--- DATA PROVIDED ---
▶

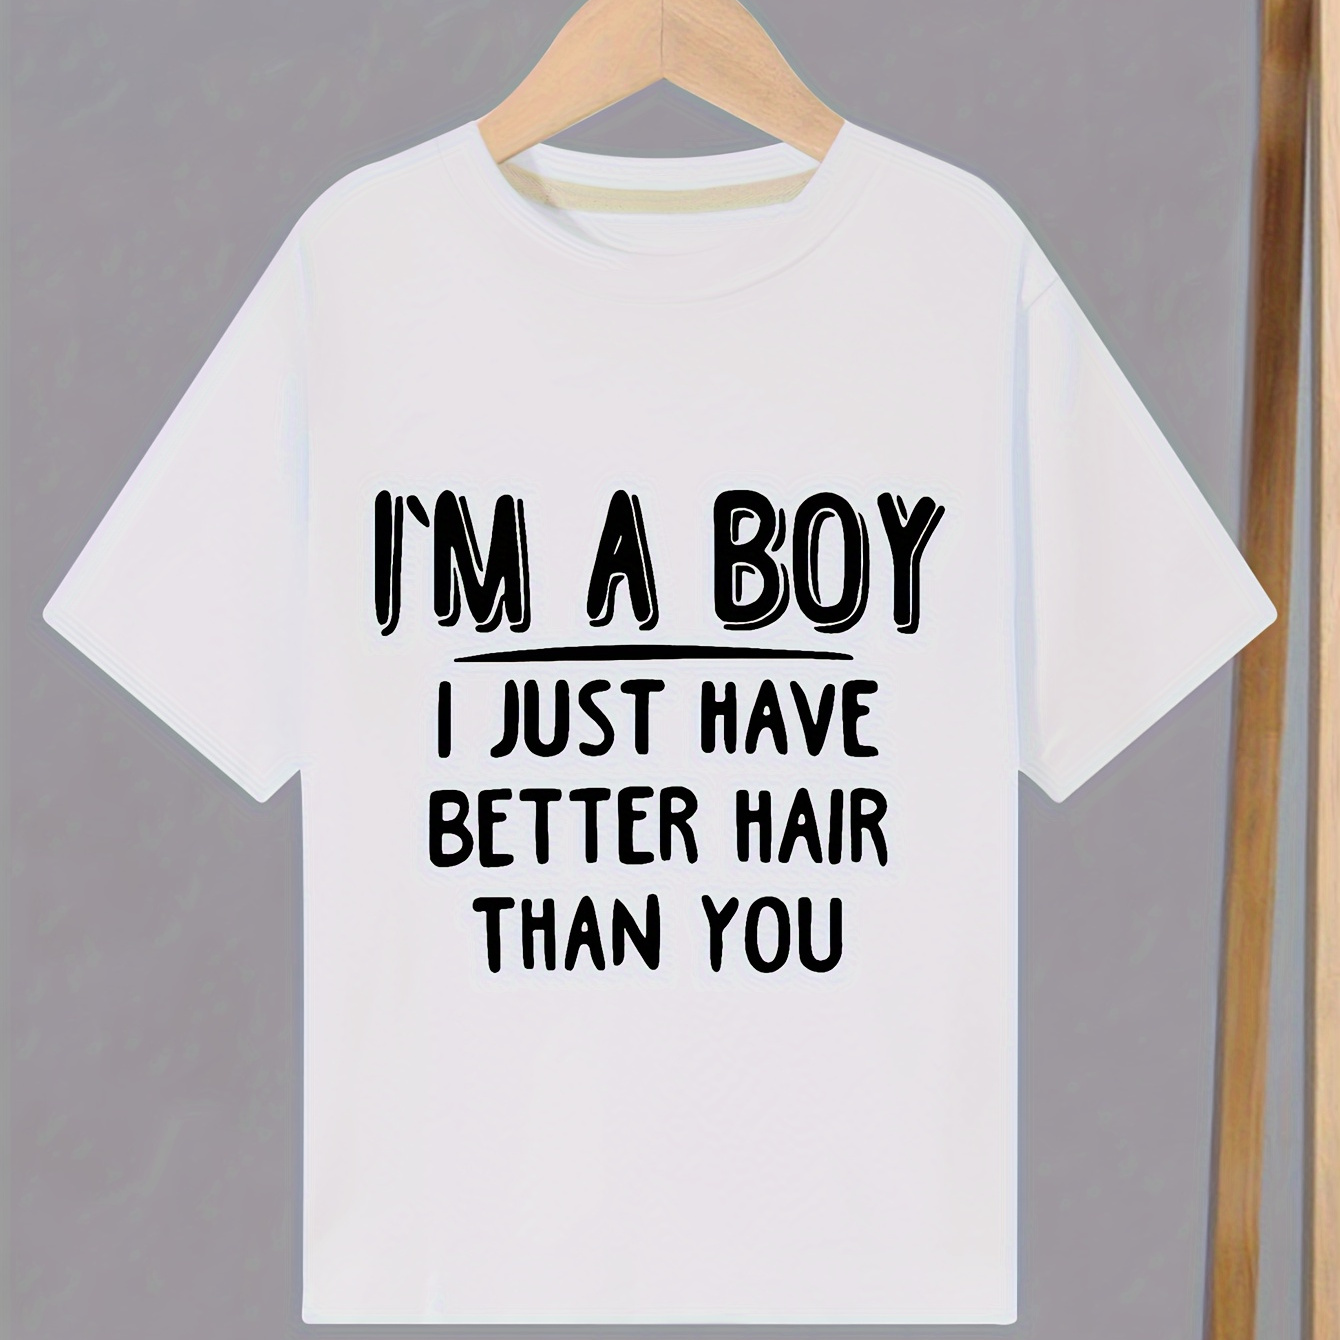 

I Just Have Better Hair Than You Print Boy's Cotton T-shirt, Casual Comfy Short Sleeve Top Summer Outgoing Clothes
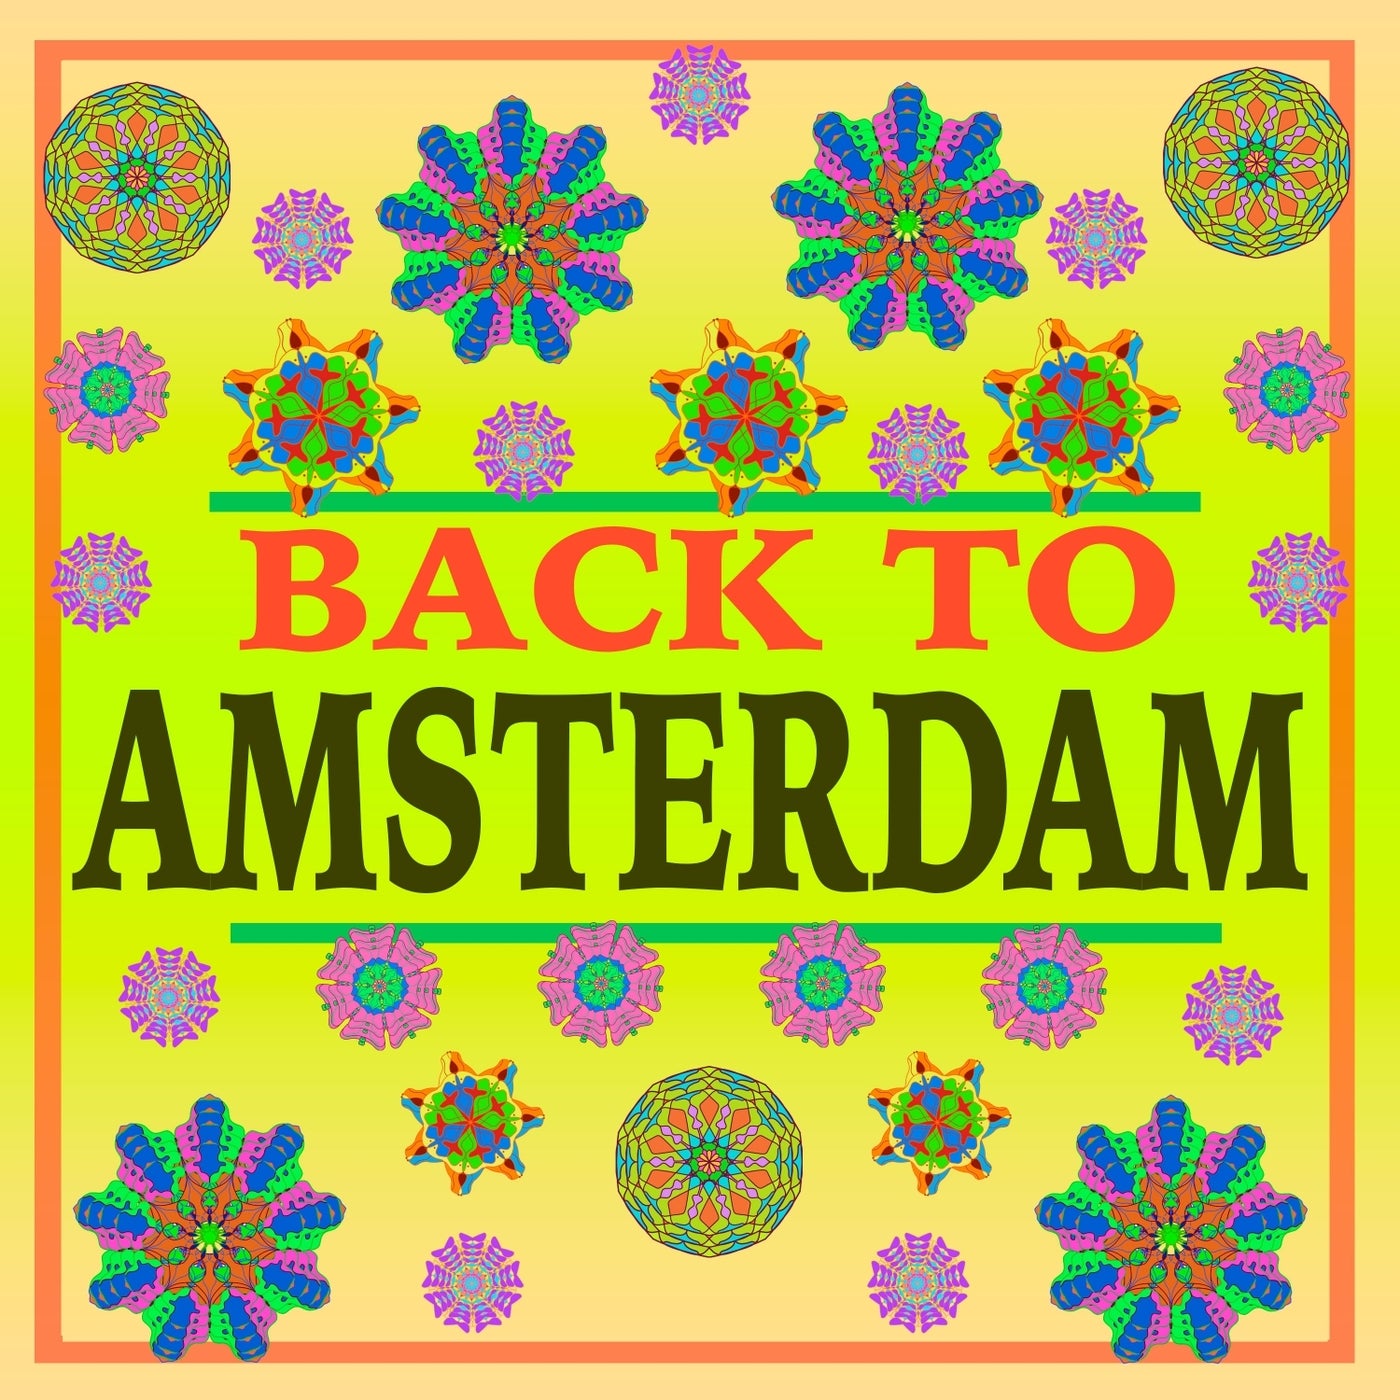 Back to Amsterdam
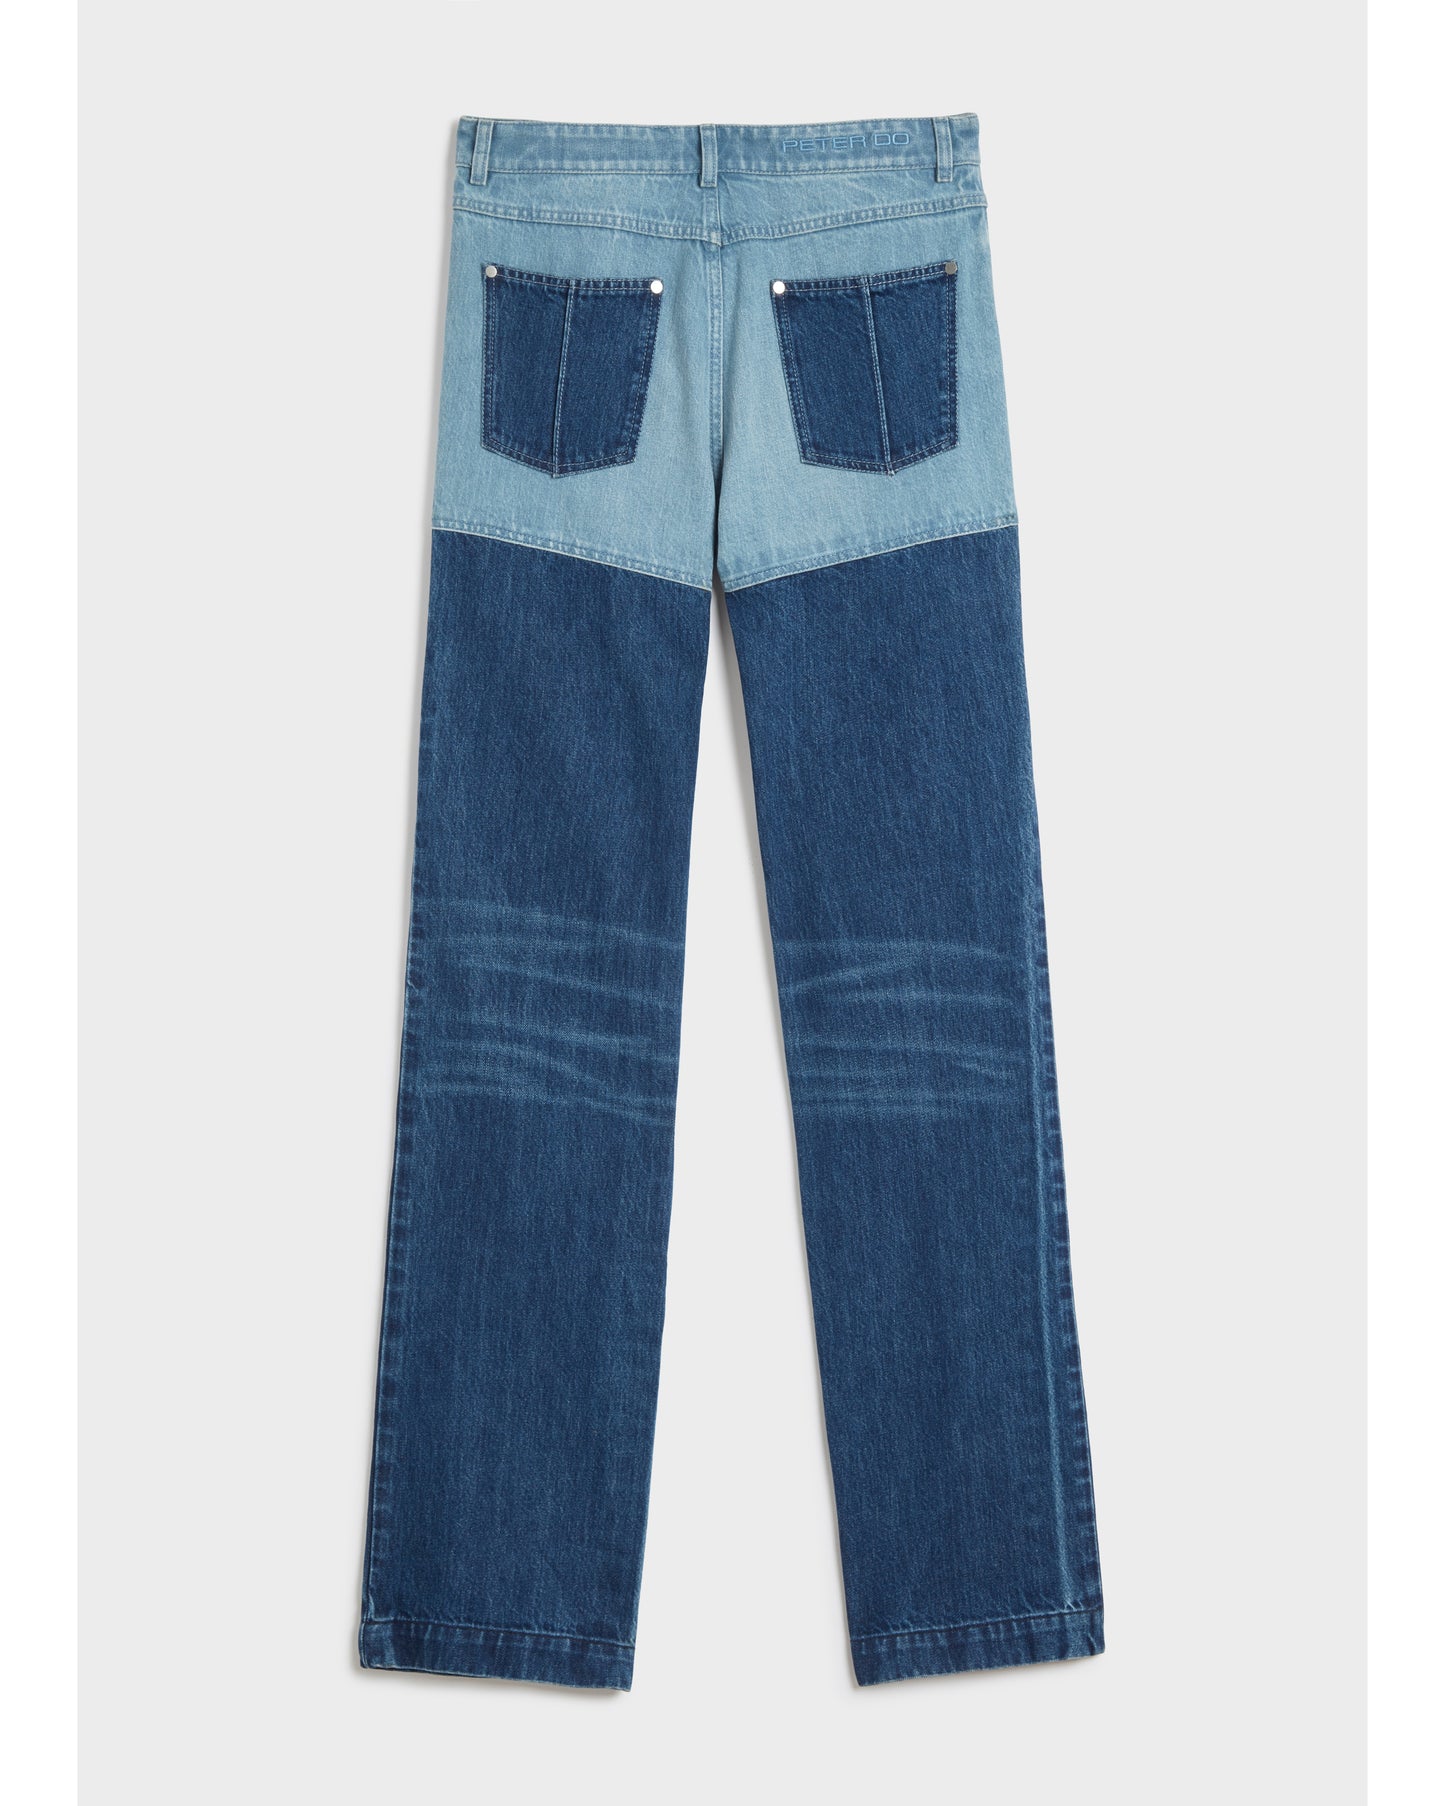 WOMENS COMBO JEANS

◀

Every line of the material must be repeated exactly; pictures stay out.

--- ANSWER TO THIS EXERCISE ---
I Just Have Better Hair Than You Print Boy's Cotton T-shirt, Casual Comfy Short Sleeve Top Summer Outgoing Clothes
 Back to Amsterdam
 WOMENS COMBO JEANS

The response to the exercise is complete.